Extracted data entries

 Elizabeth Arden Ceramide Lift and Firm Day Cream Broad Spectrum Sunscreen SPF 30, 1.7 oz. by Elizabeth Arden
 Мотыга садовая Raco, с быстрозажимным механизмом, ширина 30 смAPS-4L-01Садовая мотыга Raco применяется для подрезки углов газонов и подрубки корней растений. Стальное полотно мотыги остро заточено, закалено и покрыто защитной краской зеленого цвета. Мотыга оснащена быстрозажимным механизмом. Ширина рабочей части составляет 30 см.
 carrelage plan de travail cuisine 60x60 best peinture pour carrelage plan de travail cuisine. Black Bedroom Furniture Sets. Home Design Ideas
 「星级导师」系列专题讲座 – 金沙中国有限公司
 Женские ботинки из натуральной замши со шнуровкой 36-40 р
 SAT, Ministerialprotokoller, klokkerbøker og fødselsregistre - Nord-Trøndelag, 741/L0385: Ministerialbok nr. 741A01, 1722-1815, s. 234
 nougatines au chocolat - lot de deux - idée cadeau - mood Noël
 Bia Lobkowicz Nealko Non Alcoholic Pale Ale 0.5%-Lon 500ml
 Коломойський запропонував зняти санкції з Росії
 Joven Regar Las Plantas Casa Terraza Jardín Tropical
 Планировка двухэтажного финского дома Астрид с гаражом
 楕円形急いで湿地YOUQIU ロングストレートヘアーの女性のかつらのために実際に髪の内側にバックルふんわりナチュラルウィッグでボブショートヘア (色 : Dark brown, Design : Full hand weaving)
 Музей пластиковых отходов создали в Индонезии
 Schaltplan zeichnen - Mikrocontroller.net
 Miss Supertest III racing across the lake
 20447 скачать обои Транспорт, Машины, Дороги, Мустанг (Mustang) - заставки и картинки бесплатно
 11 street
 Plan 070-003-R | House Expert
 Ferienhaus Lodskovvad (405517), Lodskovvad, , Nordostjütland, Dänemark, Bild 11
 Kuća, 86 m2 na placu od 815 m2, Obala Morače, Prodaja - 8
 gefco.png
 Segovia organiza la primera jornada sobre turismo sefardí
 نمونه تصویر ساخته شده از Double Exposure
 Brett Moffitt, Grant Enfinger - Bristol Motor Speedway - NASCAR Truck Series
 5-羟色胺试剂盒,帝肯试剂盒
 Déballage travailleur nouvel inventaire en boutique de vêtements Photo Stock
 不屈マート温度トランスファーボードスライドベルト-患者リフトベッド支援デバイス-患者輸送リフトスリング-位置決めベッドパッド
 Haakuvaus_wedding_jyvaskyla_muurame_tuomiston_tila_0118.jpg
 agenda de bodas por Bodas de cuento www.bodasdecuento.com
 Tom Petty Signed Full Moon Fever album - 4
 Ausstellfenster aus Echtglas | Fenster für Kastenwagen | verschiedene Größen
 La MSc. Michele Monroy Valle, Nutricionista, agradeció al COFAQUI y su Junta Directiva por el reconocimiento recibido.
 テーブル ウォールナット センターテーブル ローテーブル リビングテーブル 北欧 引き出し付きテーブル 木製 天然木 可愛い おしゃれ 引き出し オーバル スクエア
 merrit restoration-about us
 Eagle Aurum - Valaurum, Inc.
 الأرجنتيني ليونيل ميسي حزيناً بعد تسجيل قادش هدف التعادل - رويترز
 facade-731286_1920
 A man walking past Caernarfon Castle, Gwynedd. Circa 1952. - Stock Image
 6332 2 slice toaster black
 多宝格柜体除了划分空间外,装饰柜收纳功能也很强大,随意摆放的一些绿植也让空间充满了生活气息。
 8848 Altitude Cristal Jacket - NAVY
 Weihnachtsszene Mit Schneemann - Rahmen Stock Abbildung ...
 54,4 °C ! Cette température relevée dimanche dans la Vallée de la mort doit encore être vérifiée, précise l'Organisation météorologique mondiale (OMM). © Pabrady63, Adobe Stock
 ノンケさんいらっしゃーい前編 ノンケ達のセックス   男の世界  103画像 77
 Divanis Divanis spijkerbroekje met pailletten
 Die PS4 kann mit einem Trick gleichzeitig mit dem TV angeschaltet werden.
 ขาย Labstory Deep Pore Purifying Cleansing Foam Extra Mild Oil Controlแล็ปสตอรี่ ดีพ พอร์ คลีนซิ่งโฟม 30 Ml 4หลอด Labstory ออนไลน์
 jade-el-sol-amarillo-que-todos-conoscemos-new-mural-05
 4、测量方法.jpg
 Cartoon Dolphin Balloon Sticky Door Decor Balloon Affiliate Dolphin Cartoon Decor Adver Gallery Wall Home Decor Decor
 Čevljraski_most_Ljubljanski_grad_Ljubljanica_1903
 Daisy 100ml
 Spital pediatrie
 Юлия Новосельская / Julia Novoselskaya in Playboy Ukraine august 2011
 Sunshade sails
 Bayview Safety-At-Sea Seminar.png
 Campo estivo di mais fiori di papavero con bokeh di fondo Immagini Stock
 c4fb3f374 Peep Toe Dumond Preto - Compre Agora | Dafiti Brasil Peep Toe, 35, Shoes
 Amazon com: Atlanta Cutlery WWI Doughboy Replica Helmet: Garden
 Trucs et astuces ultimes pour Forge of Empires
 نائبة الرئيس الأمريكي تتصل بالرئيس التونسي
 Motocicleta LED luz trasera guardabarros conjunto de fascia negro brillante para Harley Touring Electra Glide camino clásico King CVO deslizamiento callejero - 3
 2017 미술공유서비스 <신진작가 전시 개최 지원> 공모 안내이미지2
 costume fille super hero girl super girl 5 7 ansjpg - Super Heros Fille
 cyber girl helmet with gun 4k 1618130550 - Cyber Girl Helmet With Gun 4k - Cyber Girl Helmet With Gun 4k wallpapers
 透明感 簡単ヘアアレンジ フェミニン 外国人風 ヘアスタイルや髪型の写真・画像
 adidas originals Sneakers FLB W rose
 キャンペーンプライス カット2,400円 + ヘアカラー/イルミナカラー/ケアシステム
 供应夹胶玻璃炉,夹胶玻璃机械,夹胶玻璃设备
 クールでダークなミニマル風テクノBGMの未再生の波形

* EXERCISE REQUIREMENTS *
In how many lines of the records does the word "Home" appear? Reply with the number only.

* WRITTEN SOLUTION *
2